This registry config does not create any crash dumps regardless of GOTRACEBACK=crash setting.

If you have any Windows PC, you can check its registry yourself. You can use regedit program, if you have GUI access to your PC (direct console or Remote Desktop).

Alternatively you can write Go program to list that registry key. If you start with internal/syscall/windows/registry.TestReadSubKeyNames and adjust couple of lines, you should be able to run that test on Go builders to see what their regstry settings are. If you care.

Alex

alexbrainman avatar Jan 29 '22 04:01 alexbrainman

@zx2c4 's suggestion to create a minidump should be considered also as a more privacy focused alternative.

beoran avatar Feb 02 '22 13:02 beoran

It sounds like if we make this change, then developers who have not edited the registry will not see any change at all. And developers who did edit the registry will get exactly what those edits imply. That sounds OK too. So it sounds like we should do this?

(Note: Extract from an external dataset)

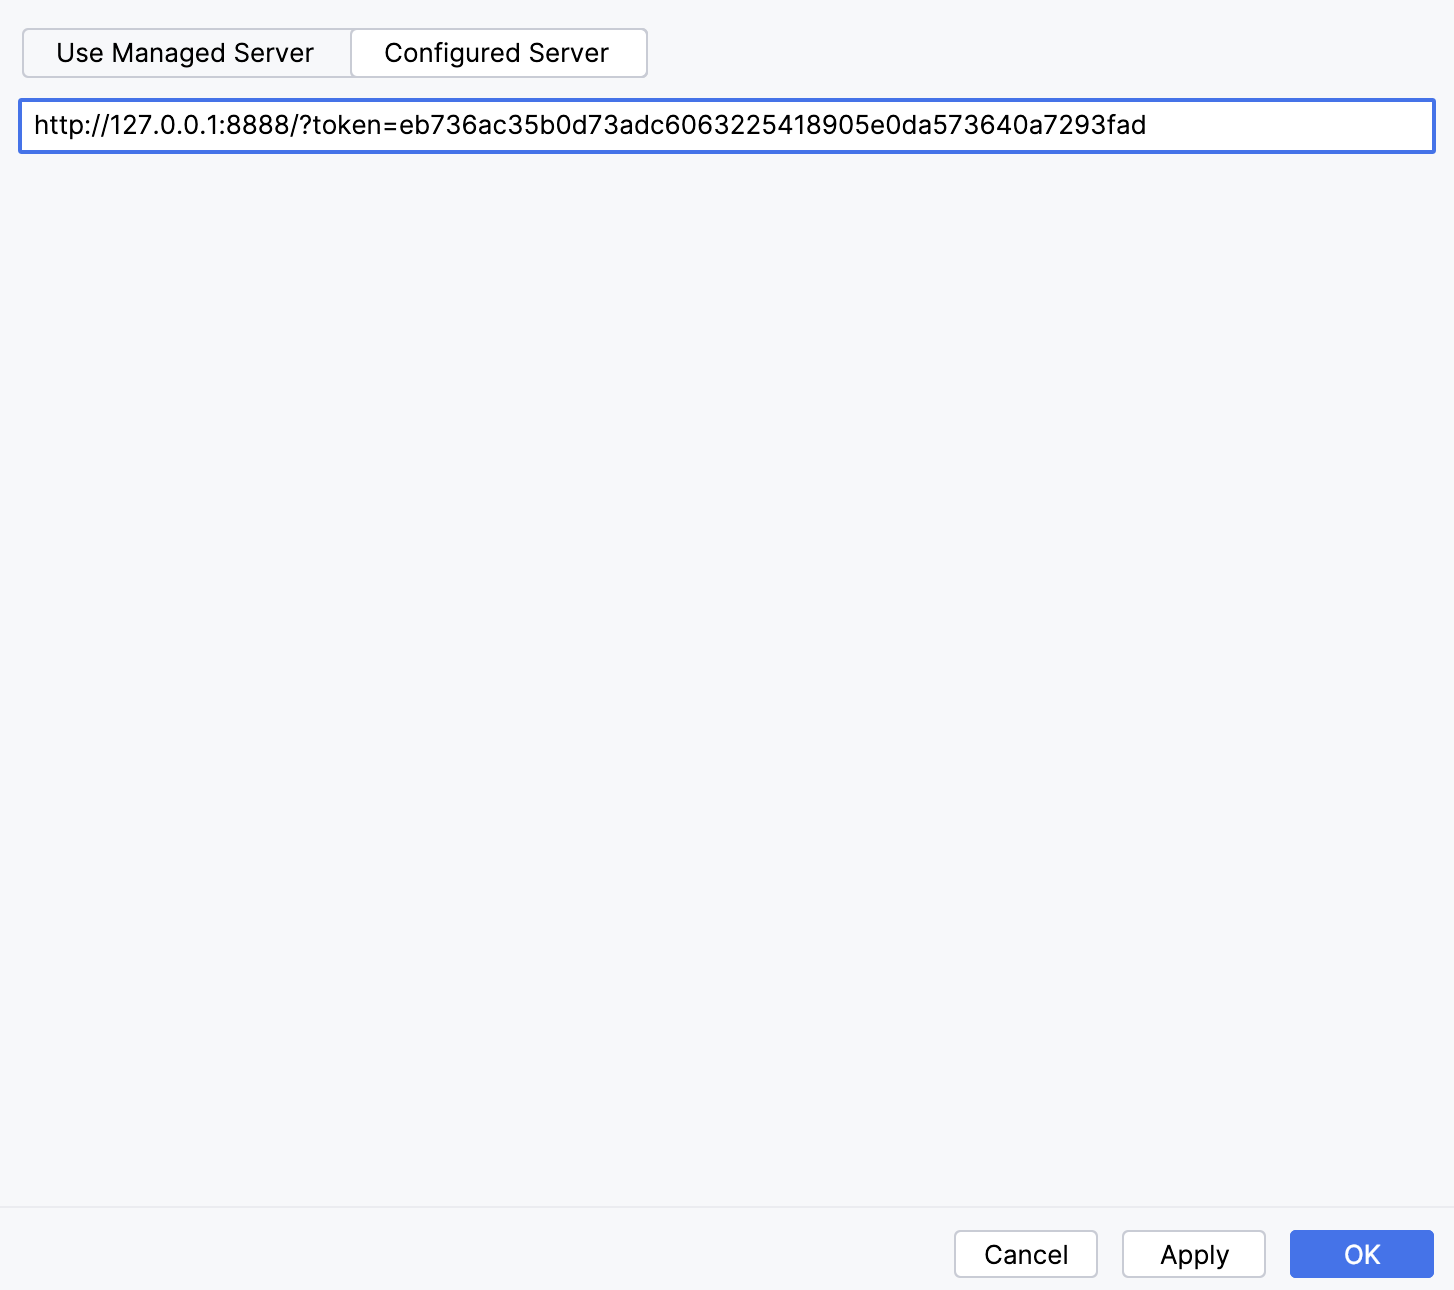 Configure a Jupyter server. Settings dialog
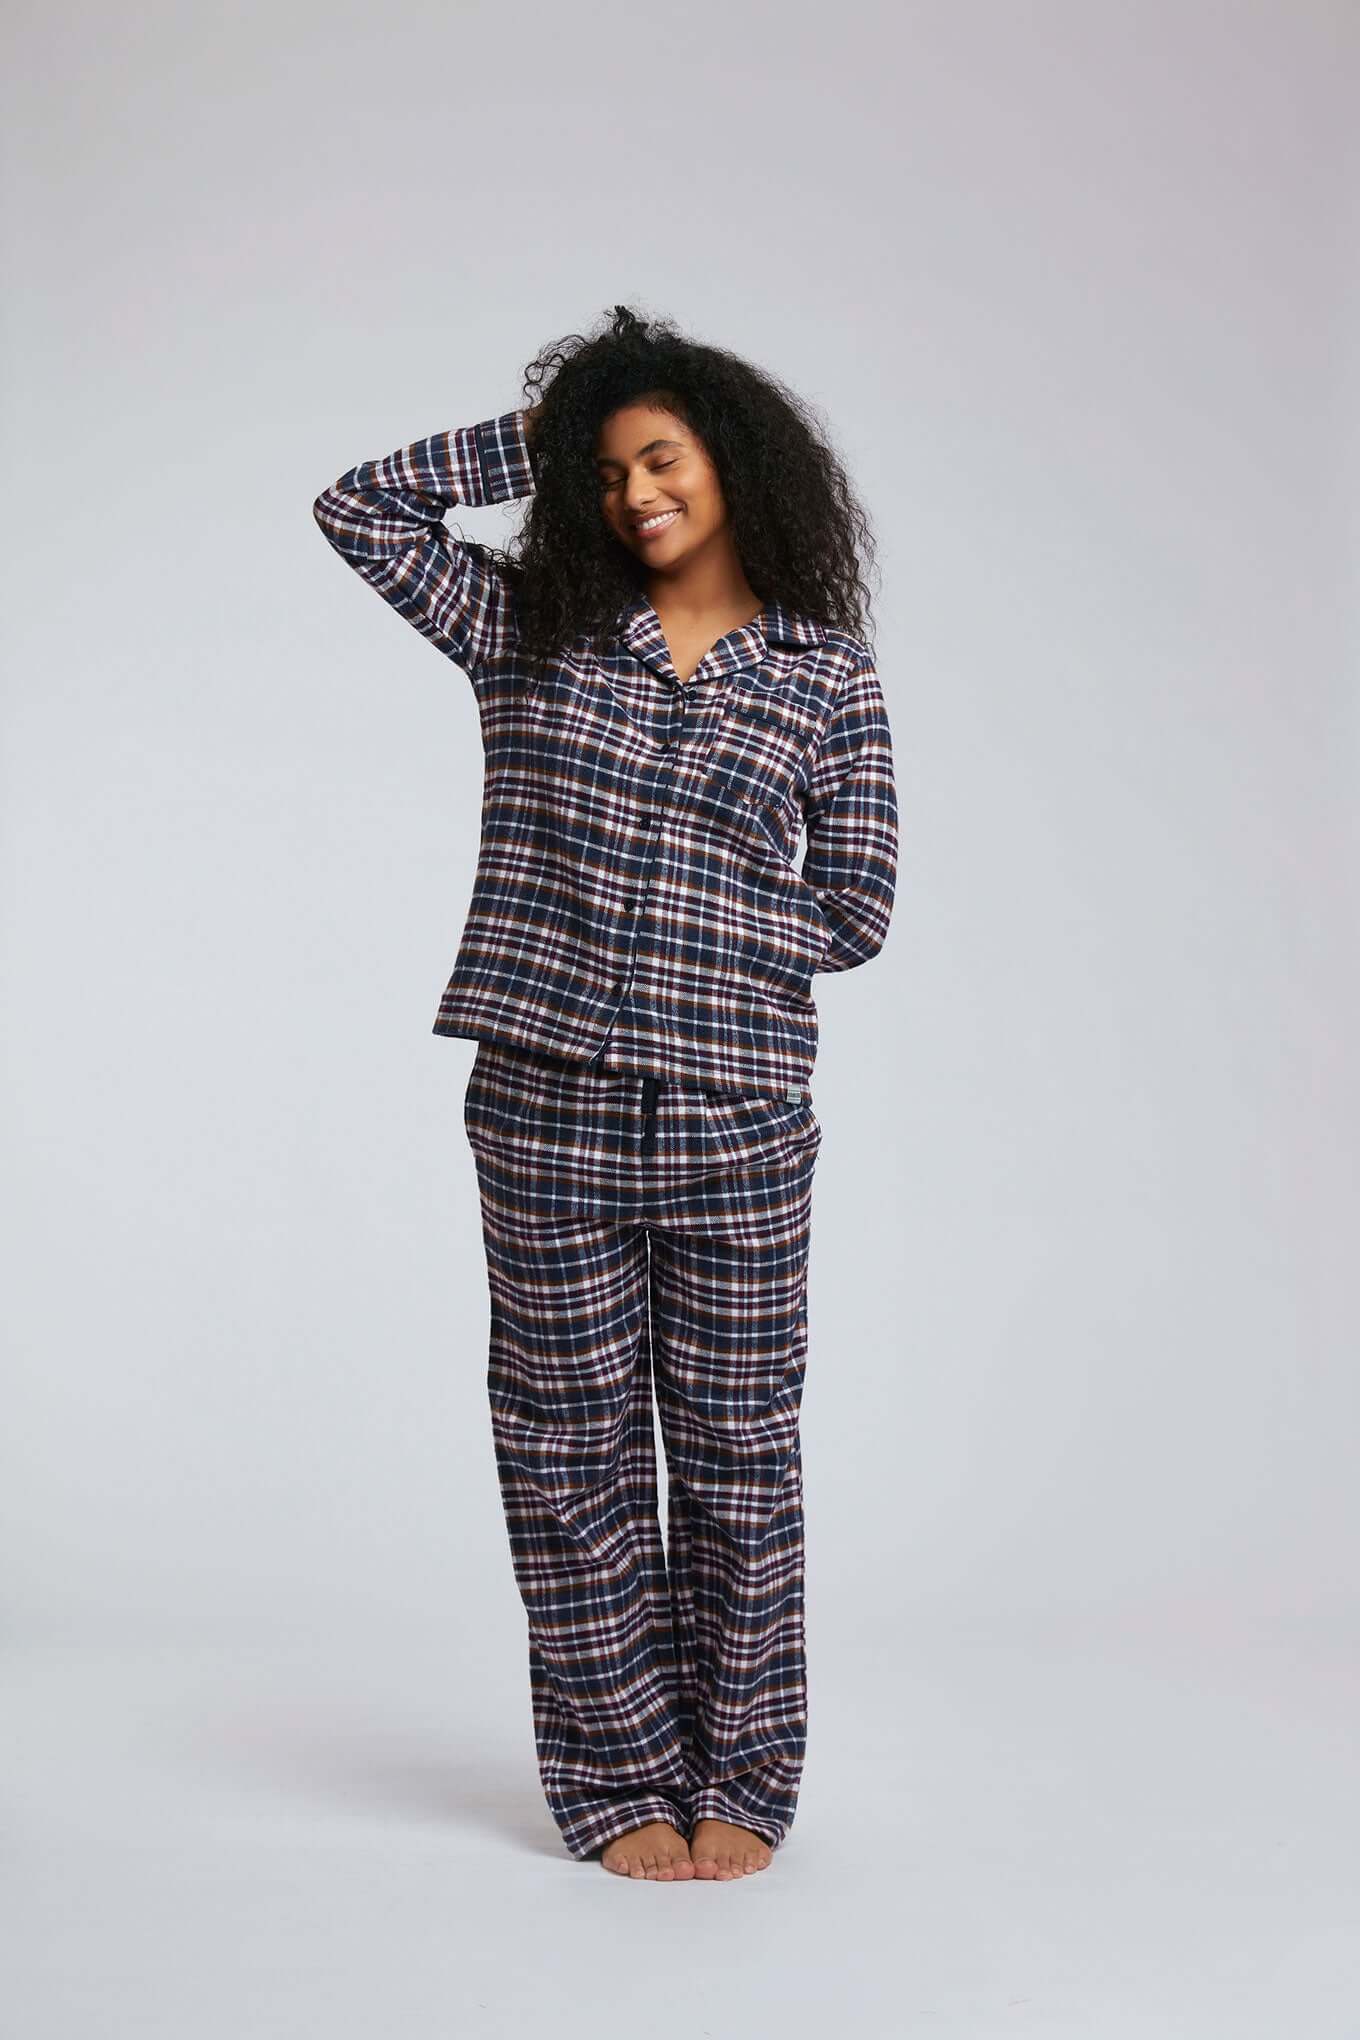 JIM JAM Womens Organic Cotton Pyjama Set Navy, Size 4 / UK 14 / EUR 42

Does anyone object to accepting this proposal?

rsc avatar Feb 02 '22 18:02 rsc

@zx2c4 's suggestion to create a minidump should be considered also as a more privacy focused alternative.

I don't know what you mean by "minidump". But I tested CL 307372 with DumpType registry value set to 2. I also tried dumps created with DumpType registry value of 1, but these are not recognised by Delve.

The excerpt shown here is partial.